However, reading the article's comments it becomes clear that there's 81
locked boxes, one for every cell in the Sudoku grid. The key Victor chooses
from the 28 Paula proffers will open nine of the 81 boxes. Those nine have to
be consistent amongst themselves, i.e. a permutation of 1-9, despite Paula not
know which of the 28 keys would be chosen.

Charlie doesn't exist, nor does he need to.

------
patio11
I don't think this proof works, or maybe it embeds the assumption that "Paula
is actually doing what she says she is doing" so far up that I can't see it.

If Victor chooses a row, I tell him "123456789". Victor accepts because each
number appears once.

If Victor chooses a column, I tell him "123456789". Victor accepts because
each number appears once.

If Victor asks to see my permutation, I return the actual problem.
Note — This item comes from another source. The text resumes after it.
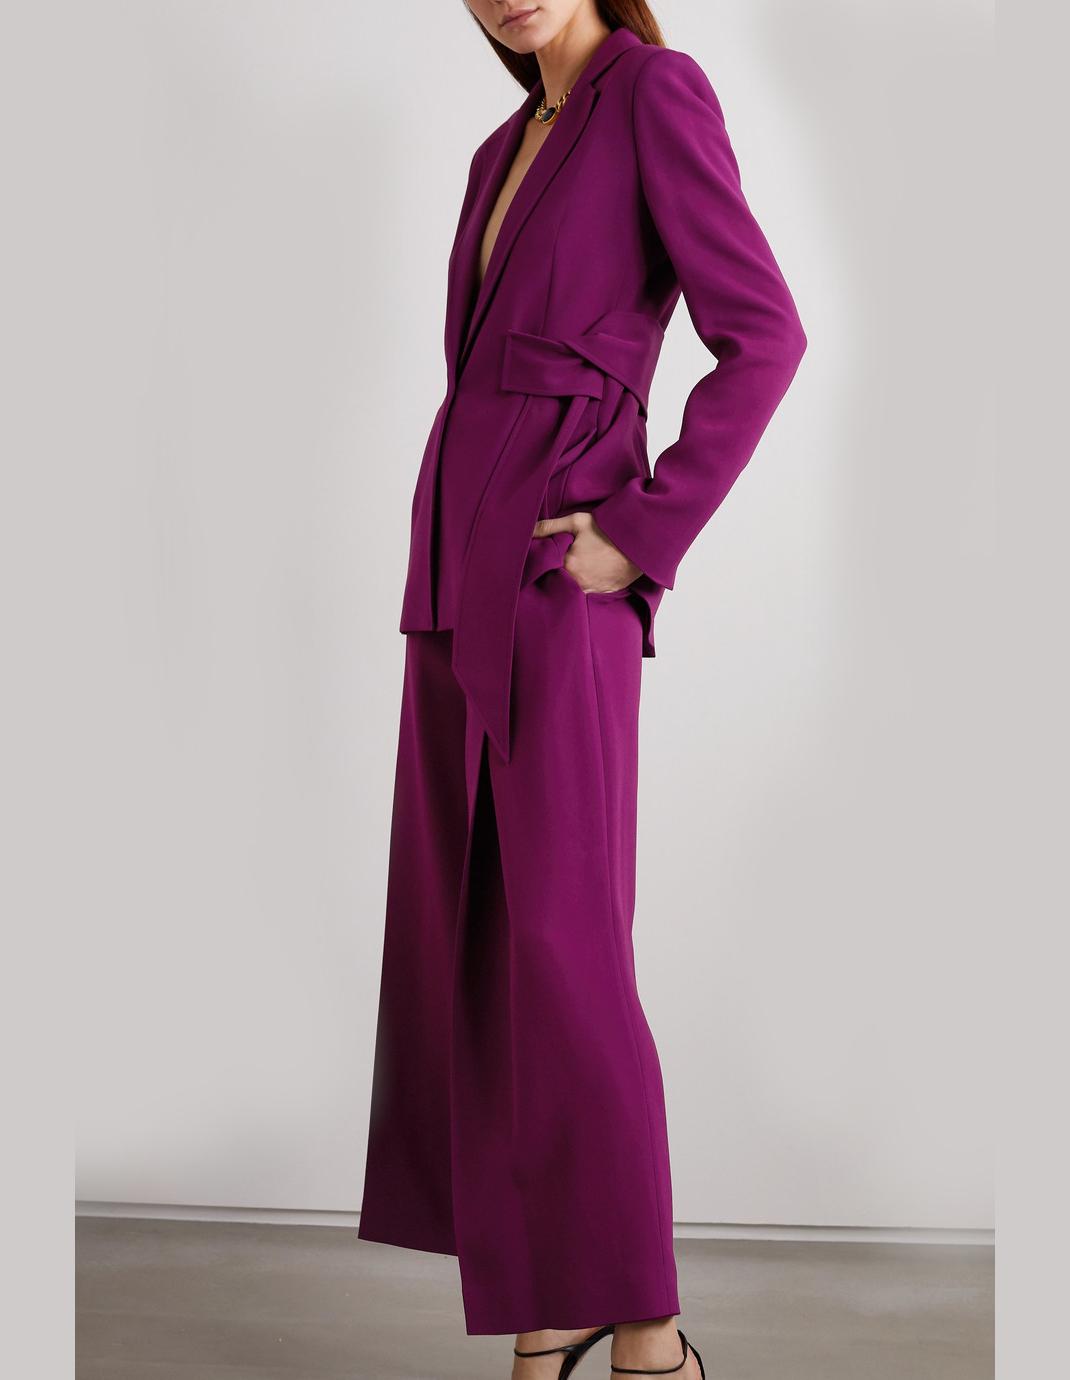 γυναίκα με βραδινό κοστούμι Roland Mouret

Victor
accepts because that is a valid permutation of the actual problem.

Sure, I had to precompute the answer and put it in lock boxes, but since he
only gets to see one lockbox per run I don't have to make the lockboxes
internally consistent, do I? After all, I am a wicked woman trying to deceive
Victor into thinking that I have solved his Sudoku puzzle.

(If you think Victor will eventually clue into me always choosing the same
"random" permutation such that he gets 123456789 as the result, then you're
giving Victor an awful lot of credit for what is essentially a math proof.
Regardless, I can randomize any of my lockboxes by the same logic.)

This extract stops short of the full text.